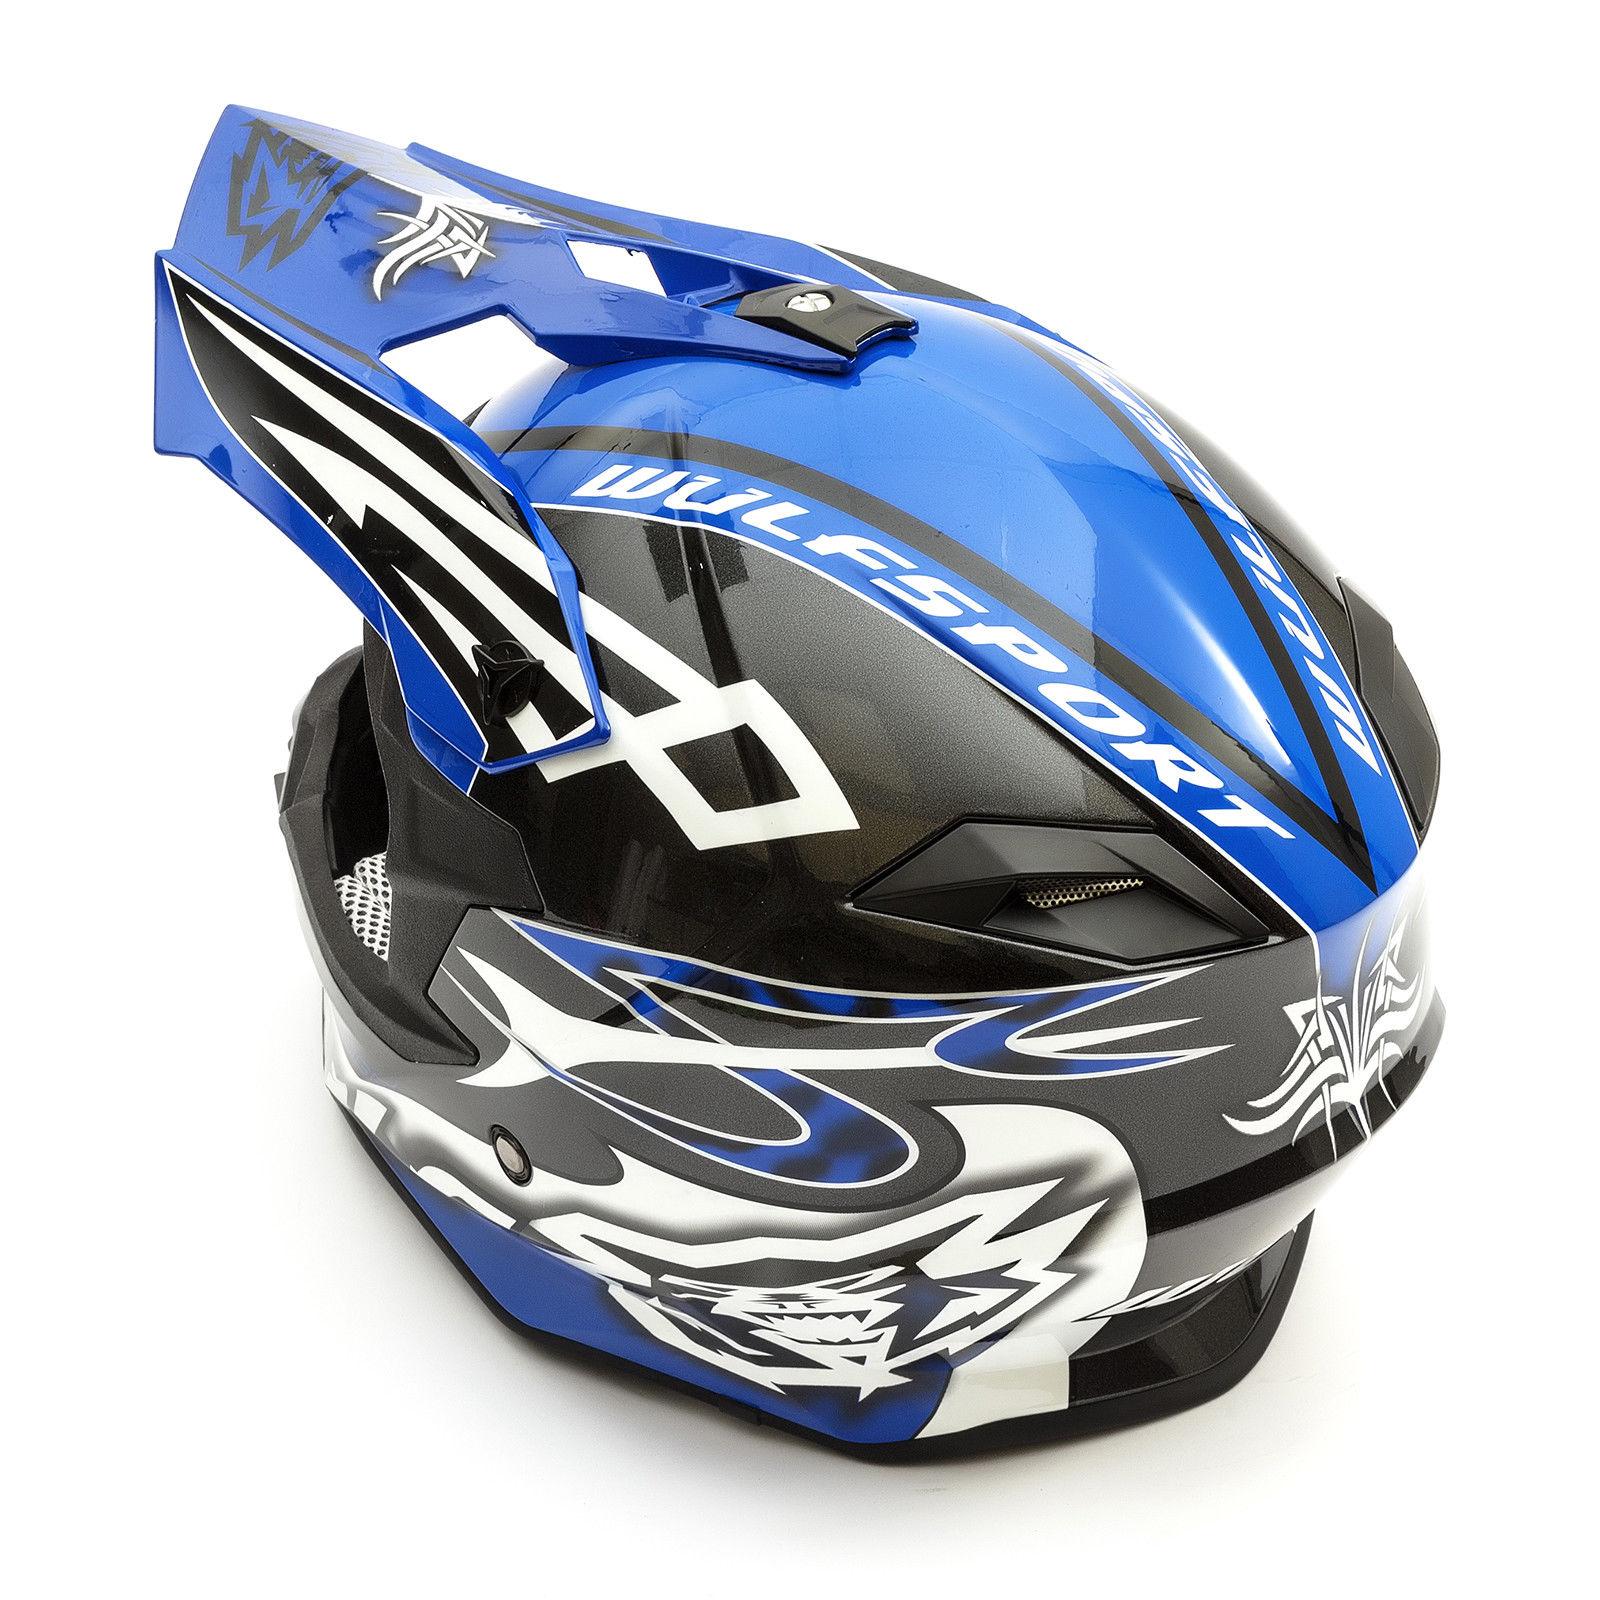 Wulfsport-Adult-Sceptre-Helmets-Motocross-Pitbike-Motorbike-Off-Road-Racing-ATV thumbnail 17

▬▬▬

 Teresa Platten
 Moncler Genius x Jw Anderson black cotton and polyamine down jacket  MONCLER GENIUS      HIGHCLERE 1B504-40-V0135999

▬▬▬

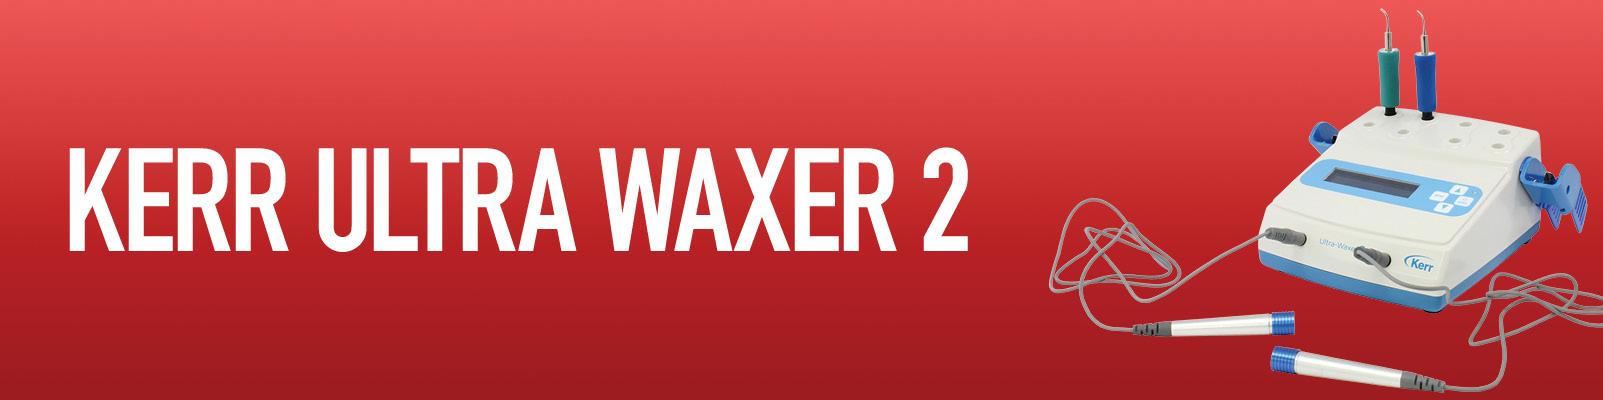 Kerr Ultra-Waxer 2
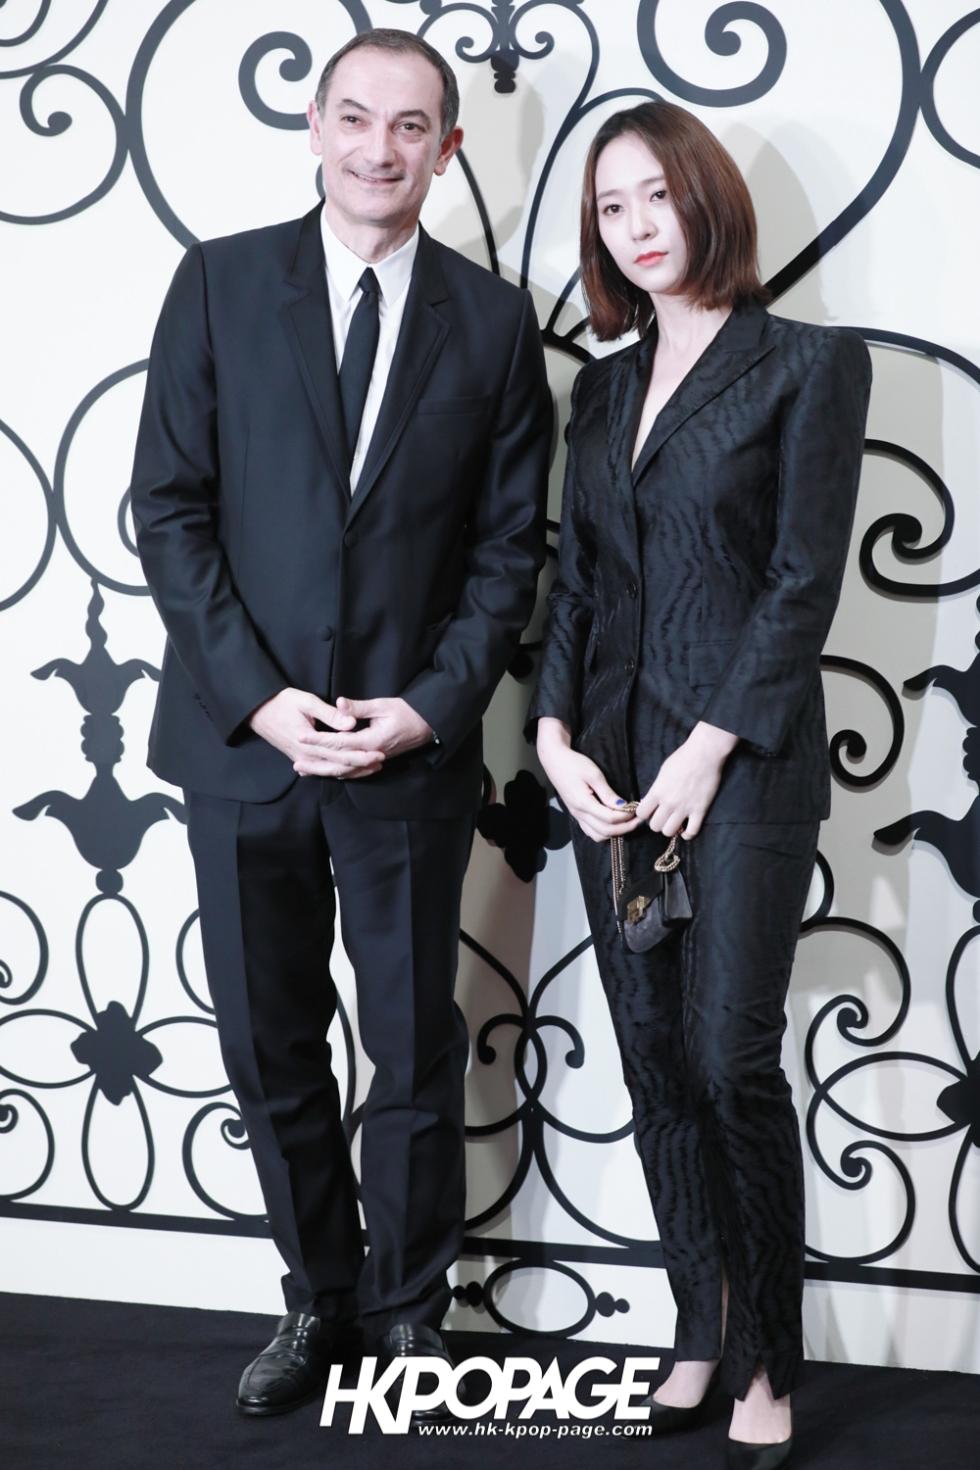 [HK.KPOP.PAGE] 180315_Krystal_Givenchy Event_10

▬▬▬

TO DO >>
In the material above, which lines fall between the one holding "Kerr Ultra-Waxer 2" and the one holding "[HK.KPOP.PAGE] 180315_Krystal_Givenchy Event_10", inclusive? Print exactly those, with the pictures left out.

RESPONSE TO THE TASK >>
 Kerr Ultra-Waxer 2
 [HK.KPOP.PAGE] 180315_Krystal_Givenchy Event_10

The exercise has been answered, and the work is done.